Researchers in California and Switzerland have discovered that melanomas that develop resistance to the anti-cancer drug vemurafenib (marketed as Zelboraf), also develop addiction to the drug, an observation that may have important implications for the lives of patients with late-stage disease.
The team, based at the University of California, San Francisco (UCSF), the Novartis Institutes for Biomedical Research (NIBR) in Emeryville, Calif., and University Hospital Zurich, found that one mechanism by which melanoma cells become resistant to vemurafenib also renders them "addicted" to the drug.
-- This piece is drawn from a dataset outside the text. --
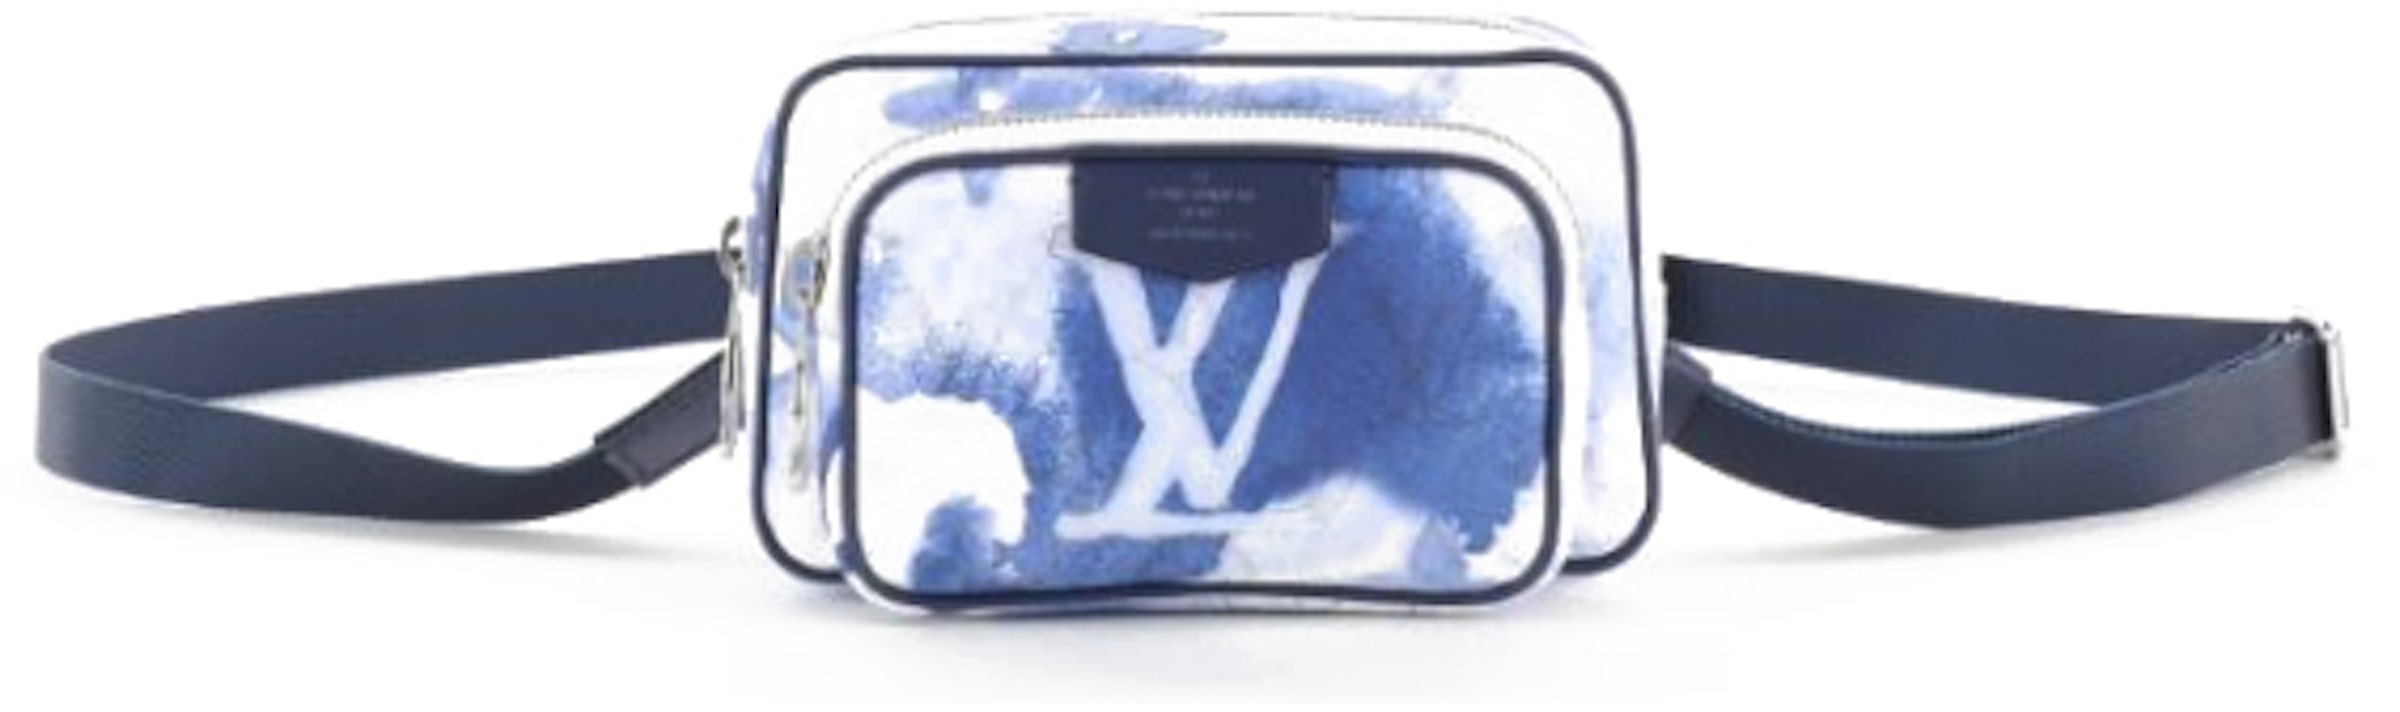 Louis Vuitton Monogram Watercolor Outdoor Pouch Blue Unisex

As a result, the melanoma cells nefariously use vemurafenib to spur the growth of rapidly progressing, deadly and drug-resistant tumors.
As described this week in the journal Nature, the team built upon this basic discovery and showed that adjusting the dosing of the drug and introducing an on-again, off-again treatment schedule prolonged the life of mice with melanoma.
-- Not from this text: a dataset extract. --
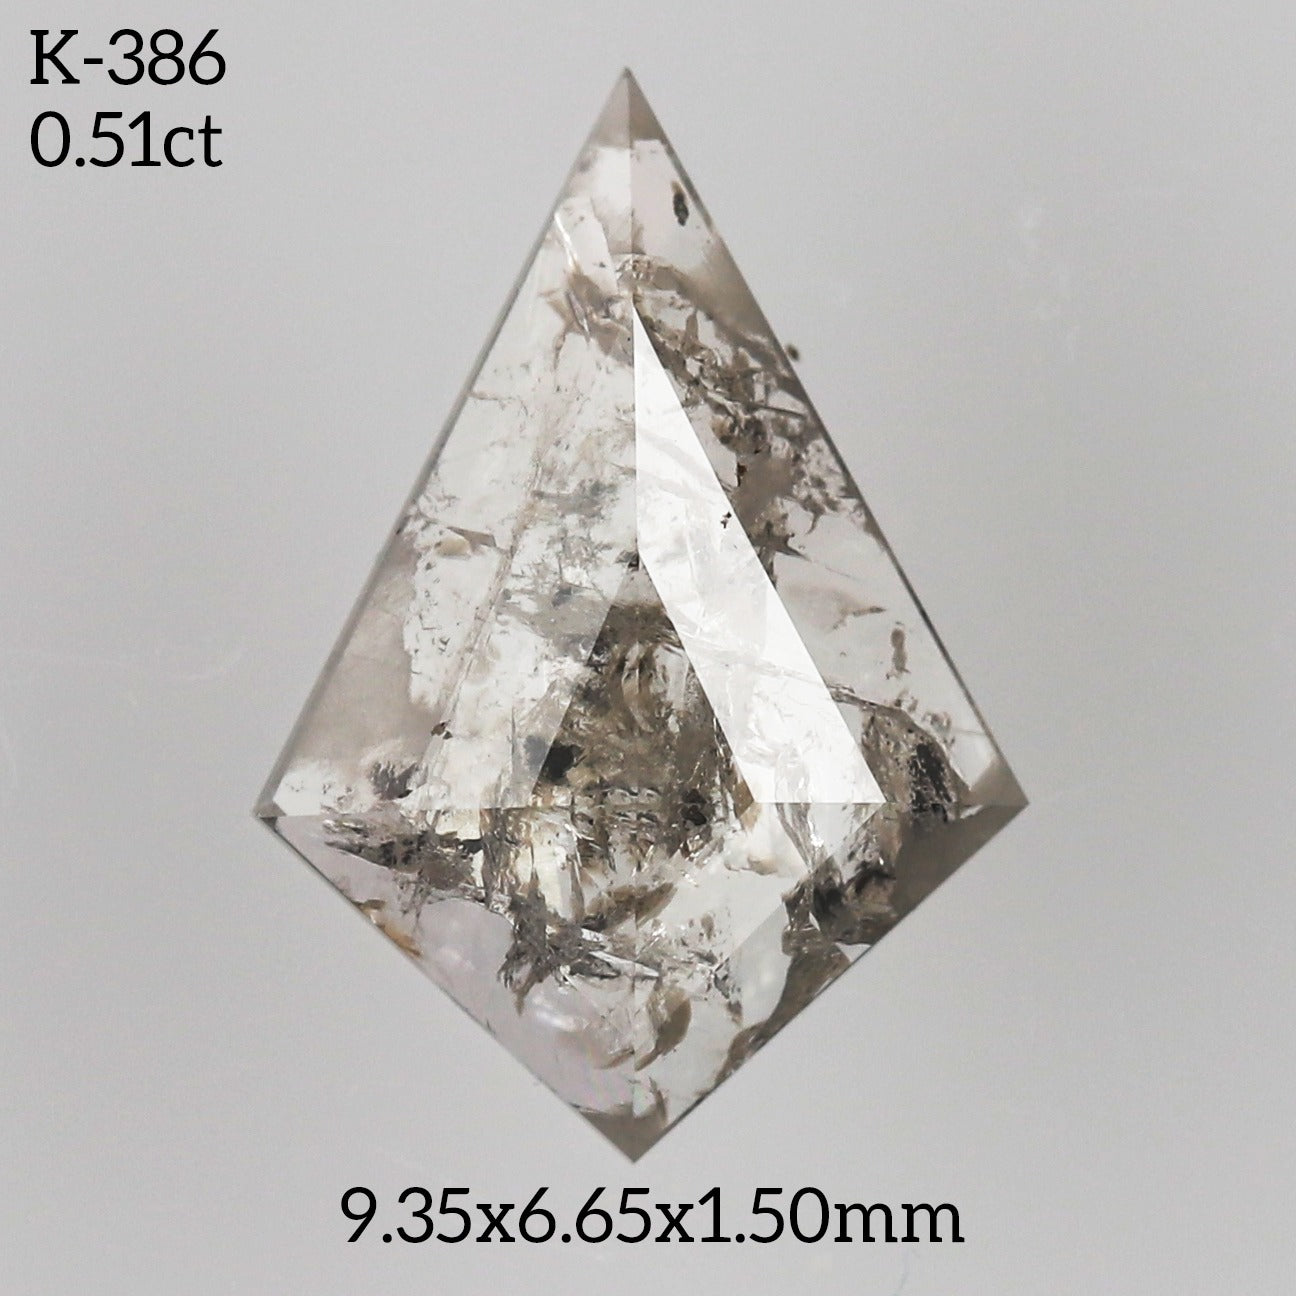 K386 - Salt and pepper kite diamond

"Remarkably, intermittent dosing with vemurafenib prolonged the lives of mice with drug-resistant melanoma tumors," said co-lead researcher Martin McMahon, PhD, the Efim Guzik Distinguished Professor of Cancer Biology in the UCSF Helen Diller Family Comprehensive Cancer Center.
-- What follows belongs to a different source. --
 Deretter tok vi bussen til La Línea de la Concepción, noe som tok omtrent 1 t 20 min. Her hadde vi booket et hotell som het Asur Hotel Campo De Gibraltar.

It is therefore possible that a similar approach may extend the effectiveness of the drug for people - an idea that awaits testing in clinical trials.
Investigated through a public-private partnership, the research was spearheaded by the study's first author Meghna Das Thakur, PhD, a Novartis Presidential Postdoctoral Fellow, who was co-mentored by McMahon at UCSF and Darrin Stuart, PhD at NIBR.
McMahon is supported by the Melanoma Research Alliance, the National Cancer Institute and the UCSF Helen Diller Family Comprehensive Cancer Center, which is one of the country's leading research and clinical care centers, and is the only comprehensive cancer center in the San Francisco Bay Area.
Melanoma: A Deadly Form of Skin Cancer
Melanoma is the most aggressive type of skin cancer, and in 2012 alone, an estimated 76,250 people in the United States were newly diagnosed with it. Some 9,180 people died last year from the disease, according to the National Cancer Institute.
As with all forms of cancer, melanoma starts with normal cells in the body that accumulate mutations and undergo transformations that cause them to grow aberrantly and metastasize. One of the most common mutations in melanoma occurs in a gene called BRAF, and more than half of all people with melanoma express mutated BRAF.
In 2011, the U.S. Food and Drug Administration (FDA) approved the drug vemurafenib for patients who have late-stage melanoma with mutations in BRAF after clinical trials showed a significant increase in survival for such patients when taking the drug. The drug's benefits do not last forever, though, and while their tumors may initially shrink, most people on vemurafenib suffer cancer recurrence in the long run with a lethal, drug-resistant form of melanoma.